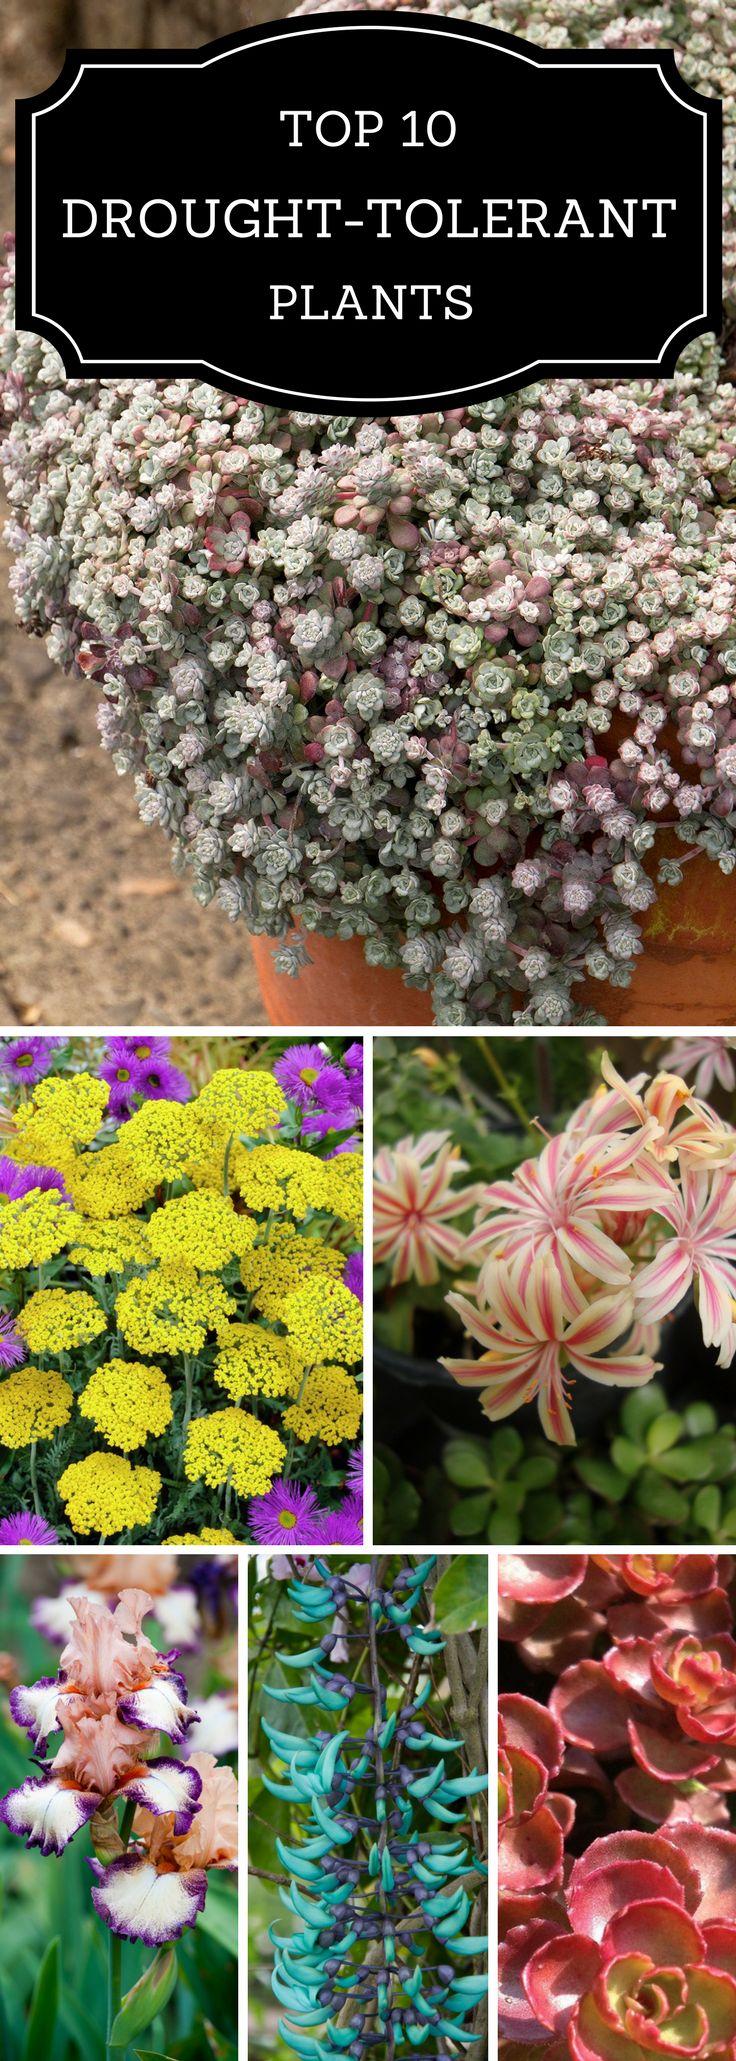 Top 10 Drought - Tolerant Plants
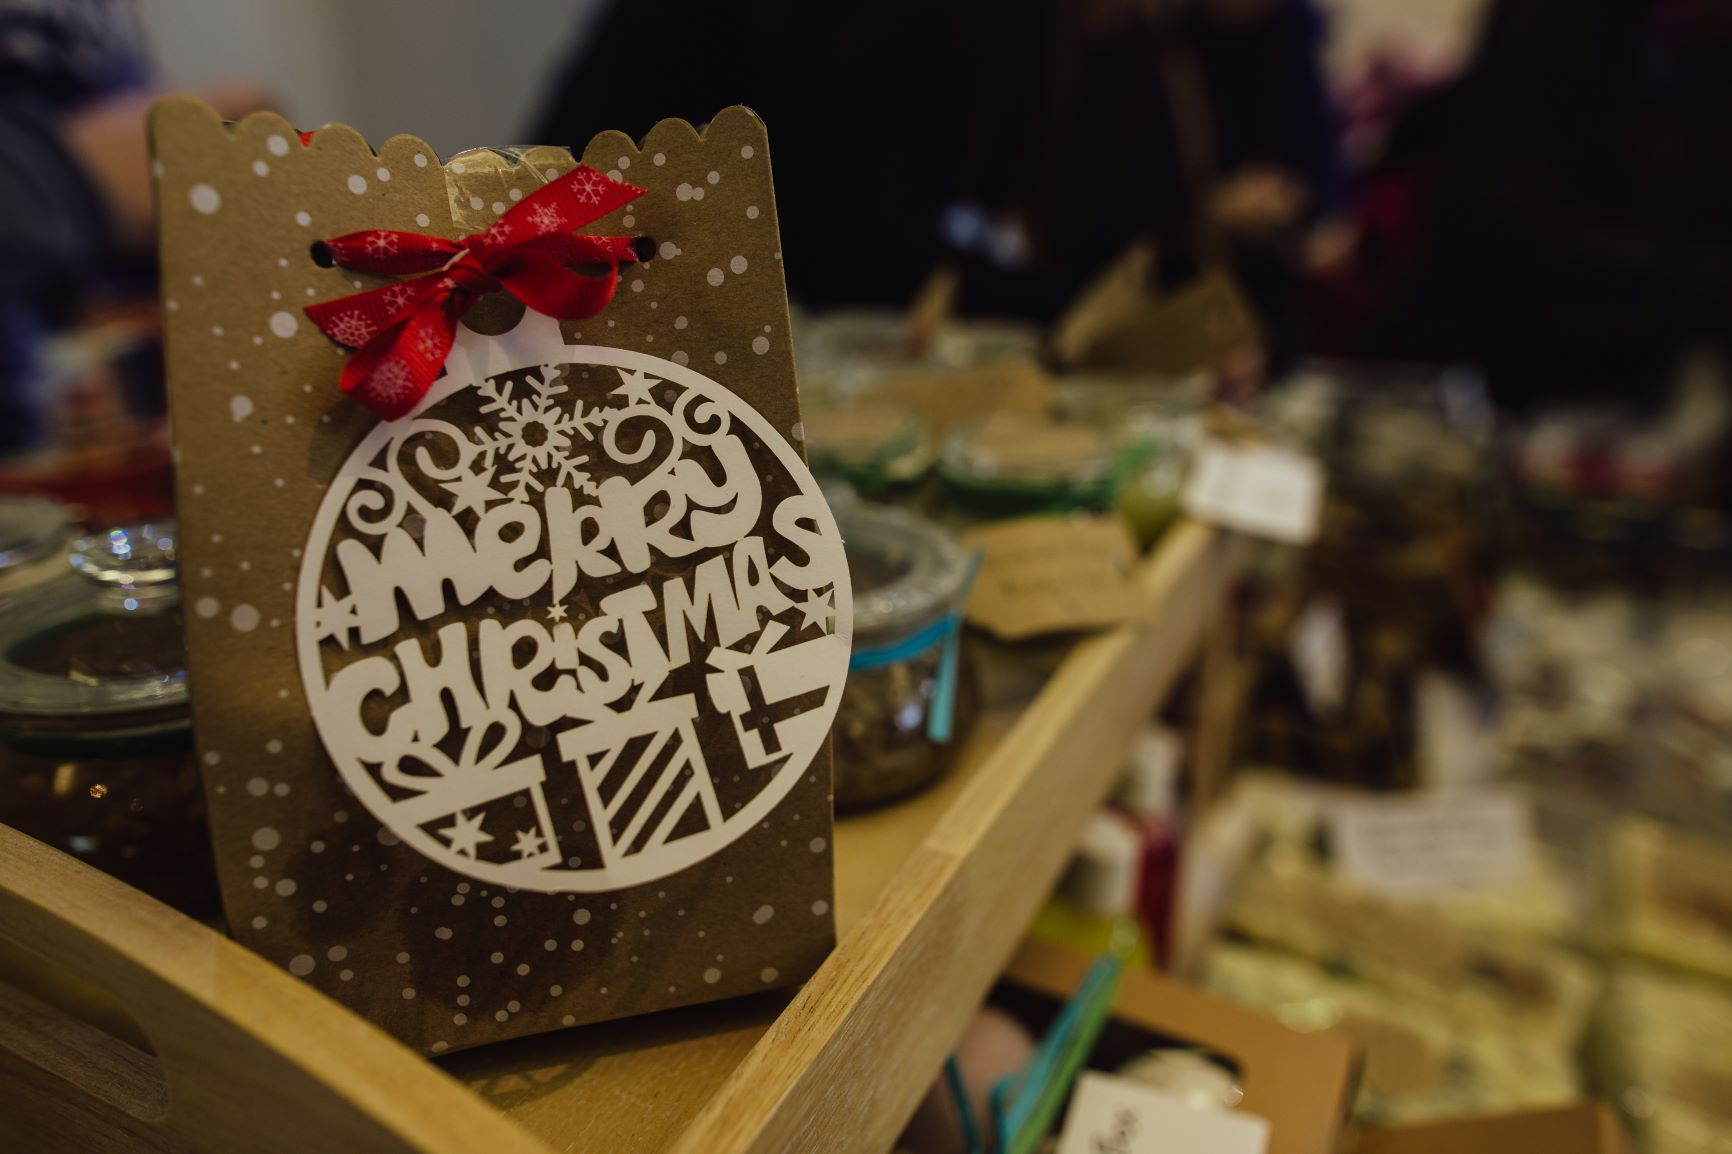 merry christmas market
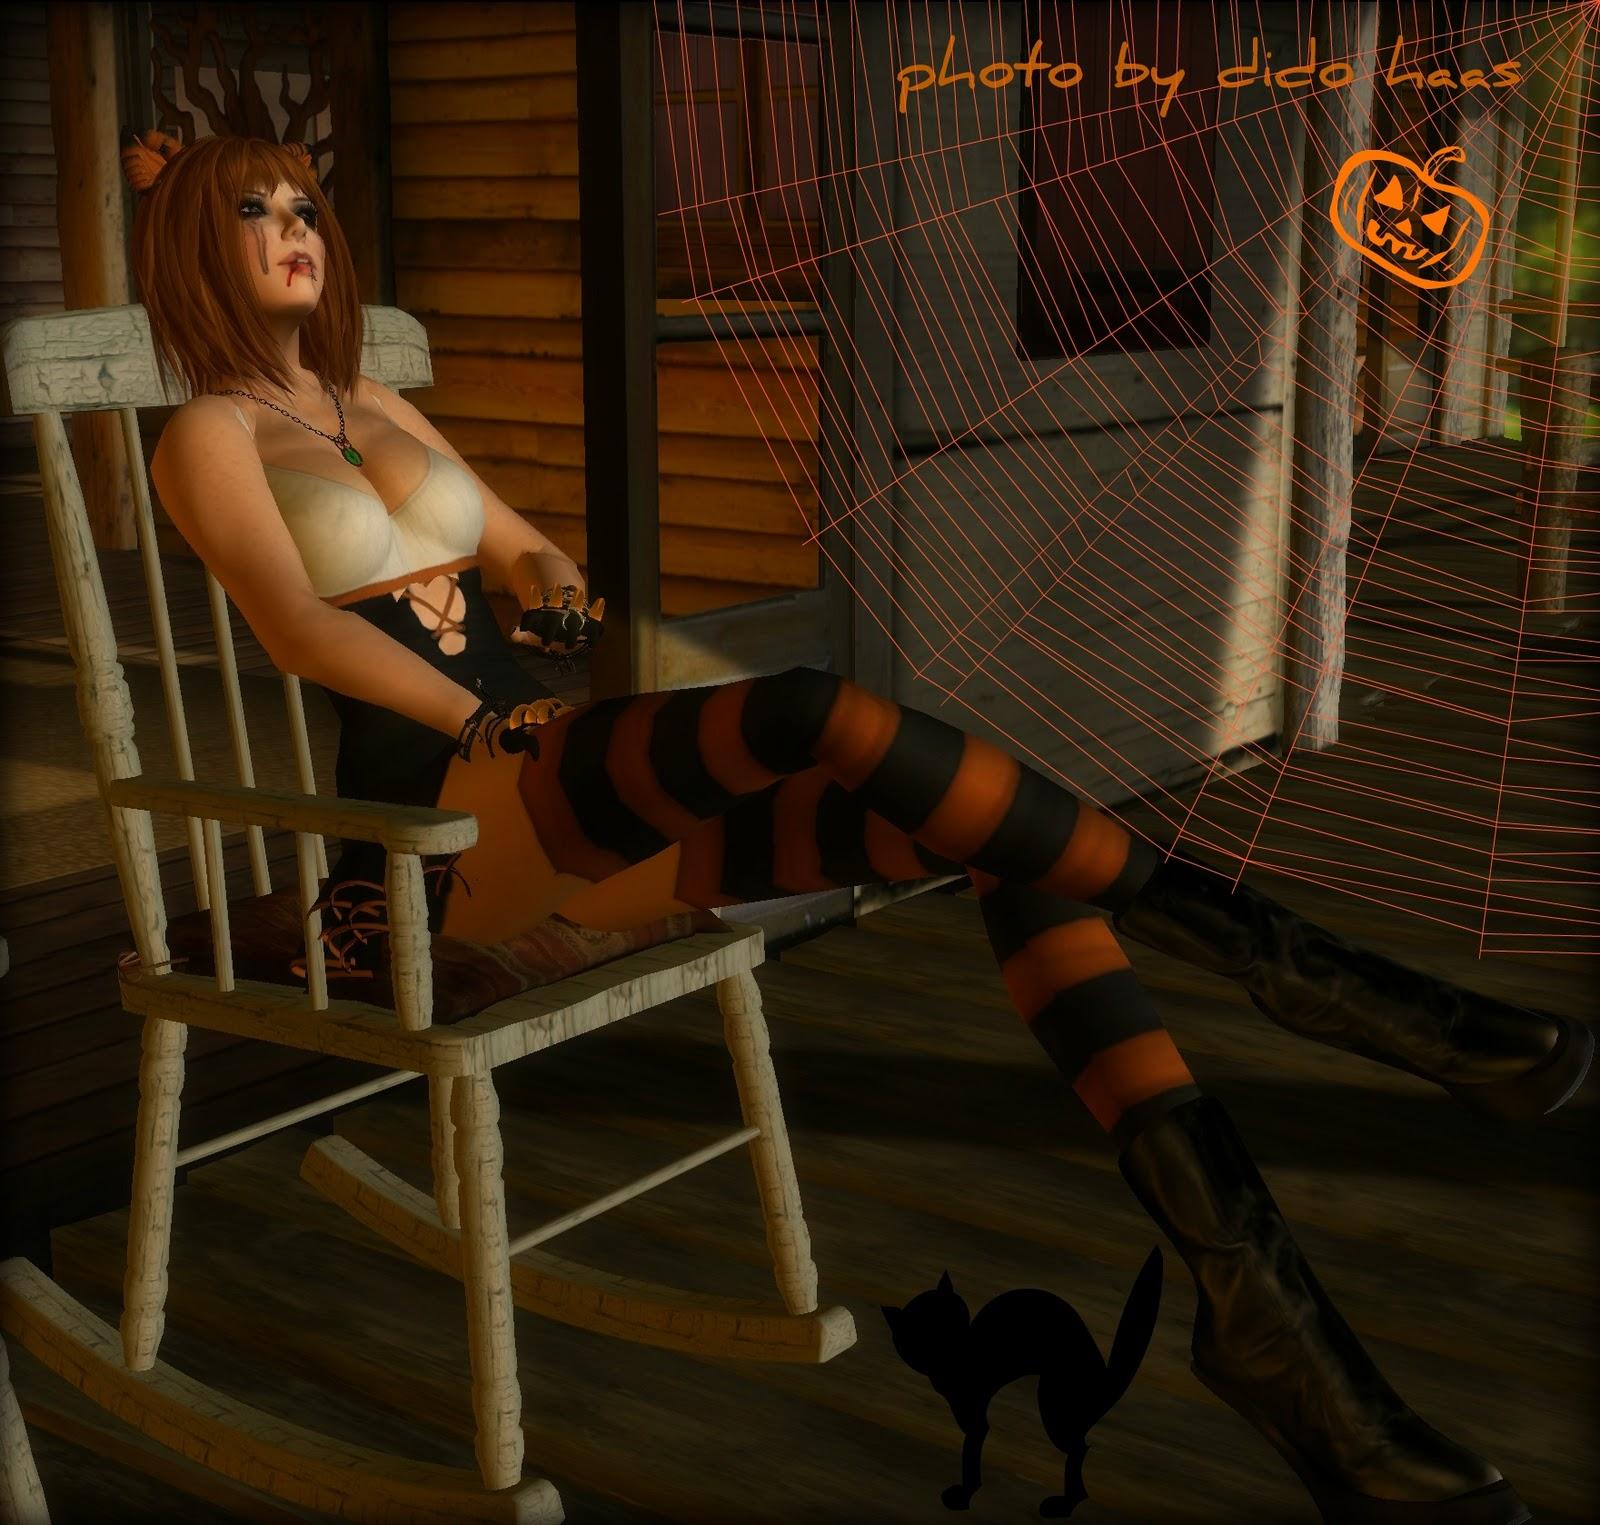 http://3.bp.blogspot.com/-P1HIByjvvi0/ToxkigHFAVI/AAAAAAAAFV4/DYmpg6BnhhY/s1600/halloween+01.jpg
========================================
== What is needed ==
What you return should be only the lines from the line with "merry christmas market" through the last line of the listing above, exactly, both ends included, pictures excluded.

== Task answer ==
 merry christmas market
 http://3.bp.blogspot.com/-P1HIByjvvi0/ToxkigHFAVI/AAAAAAAAFV4/DYmpg6BnhhY/s1600/halloween+01.jpg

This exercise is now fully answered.